Tuesday, February 06, 2018

The Imaginary Number Leaf Clover

There are already a lot of reviews saying the best thing about 2018's The Cloverfield Paradox is its unorthodox release, being released immediately to Netflix with no trailers or marketing preceding. And while that was indeed the most exciting part for me, I don't think the film's quite as bad as many people are saying. I think it's worst crime isn't being bad--it's just not amazing.

The first two Cloverfield movies worked well in very different ways. The first was a good found footage monster movie and the second was a good, small, psychological thriller. In a sense, The Cloverfield Paradox seems an attempt to combine the two with a healthy dose of Alien but rather than a perfect cocktail the result is something that feels watered down.

An international cast portrays a group of scientists from all over the world who are working on a space station, trying to harness a new source of energy for a war torn Earth. It's an ensemble film but most of the narrative centres on Ava Hamilton (Gugu Mbatha-Raw) whose husband, Michael (Roger Davies), the film periodically cuts to. He's back on Earth where he starts to witness some of the events portrayed in the first two films--this movie makes an attempt to tie the two seemingly unrelated sci-fi plots together. Apparently the particle accelerator on the space station causes some kind of break in space time resulting in people and things getting shifted to alternate universes.

The movie introduces some plot elements that could have been expanded much further for a more satisfying psychological drama. A German named Schmidt (Daniel Bruhl) is accused at one point of being a saboteur on the strength of communications records found on the station after the malfunction. Another crewmember, Kiel (David Oyelowo), locks him in an airlock but Schmidt's too quickly taken to be innocent when he asserts that the damning records came from an alternate universe. The movie could have spent a lot more time focusing on how the crew can operate with the new dimension of distrust introduced by this phenomenon. Similarly, a Russian member of the crew named Volkov (Aksel Hennie) gets a wonderfully creepy scene where he stares into a mirror and detects really weird signs he's been merged with a Volkov from another universe.

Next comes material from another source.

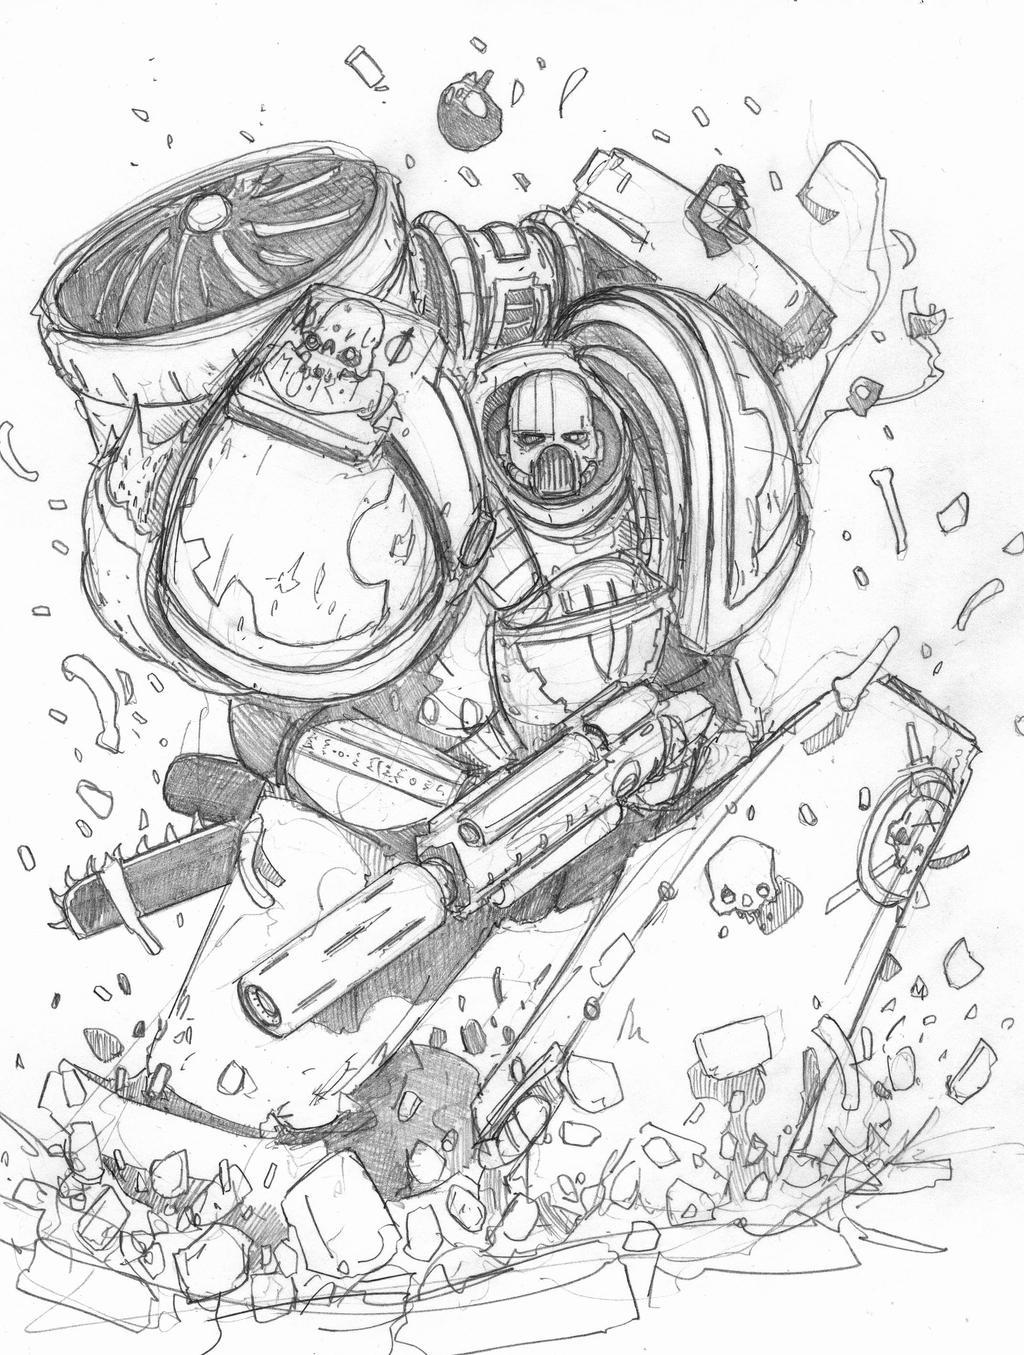 Emperor's Hawk Sketch by DarkMechanic

This ends up being played more for spectacle, though, when he's killed by a bunch of earth worms that inexplicably ended up in his body. It's later discovered he has a necessary piece of equipment to get the station running again inside his stomach, an aspect of one of the more criticised plot elements of the film.

Mundy (Chris O'Dowd) gets his arm stuck in a wall which then swallows it. Shortly thereafter, his arm reappears, crawling on the floor, having somehow become rather like Thing from The Addams Family.

It's the arm that writes out the instruction to check Volkov's stomach. A lot of people have justifiably wondered how the arm knew this and how it knew it was around people to whom the information needed to be communicated. I suppose one could say, since Mundy is left in a condition that makes it look like he was born without an arm, maybe the arm comes from an alternate universe populated by sentient arms. Which seems silly but it's the best explanation I can think of. The effective weirdness of the scene really tips too far into the goofy.

Much more effective is an earlier scene where they discover a crewmember, Mina (Elizabeth Debicki), stuck in the wall. Mina knows everyone aboard but no-one knows her. They gradually realise she's from an alternate dimension and this is established at just about the right pace.

The cast also includes Zhang Ziyi who, like Beat Takeshi in the live action Ghost in the Shell, just completely refrains from speaking English. Apparently in the future now everyone understands Mandarin, which is credible enough and Ziyi is a better actress in her native tongue. All of the actors turn in solid work but they're not the colourful bunch from Alien, they come off as kind of dull. With the alternate reality stuff I was reminded a bit of the Mirror Universe elements of Star Trek Discovery, especially since I watched the newest Discovery on the same night. Alternate universes are kind of a good way for exploring the current interest in alternate and flawed perspectives--it's a bit like that popular "Cat Person" story from The New Yorker but with supernatural or speculative science elements. But this is a kind of story with a lot of precedents and none of these new ones so far are better than the "Unrealised Reality" episode of Farscape or the episode "Parallels" from Star Trek: The Next Generation.

Twitter Sonnet #1081

A ladder swapped a skin for parachutes.
On shelves of grill they took a dozen chains.
Arrayed beyond the wall were aqua-boots.
The water still invades despite the pains.
Stampeding strings usurp the wired wall.
The language swap interred a spinning disk.
The roundest grave was also very tall.
For ev'ry bean there'll be a seed of risk.
Reviving styles form the hair for now.
Above the head arose the tiny trees.
In distant pins, the light debuts a cow.
The pads ensured survival of its knees.
Above the clouds a demon wants a ship.
The ocean drained with ev'ry gulping sip.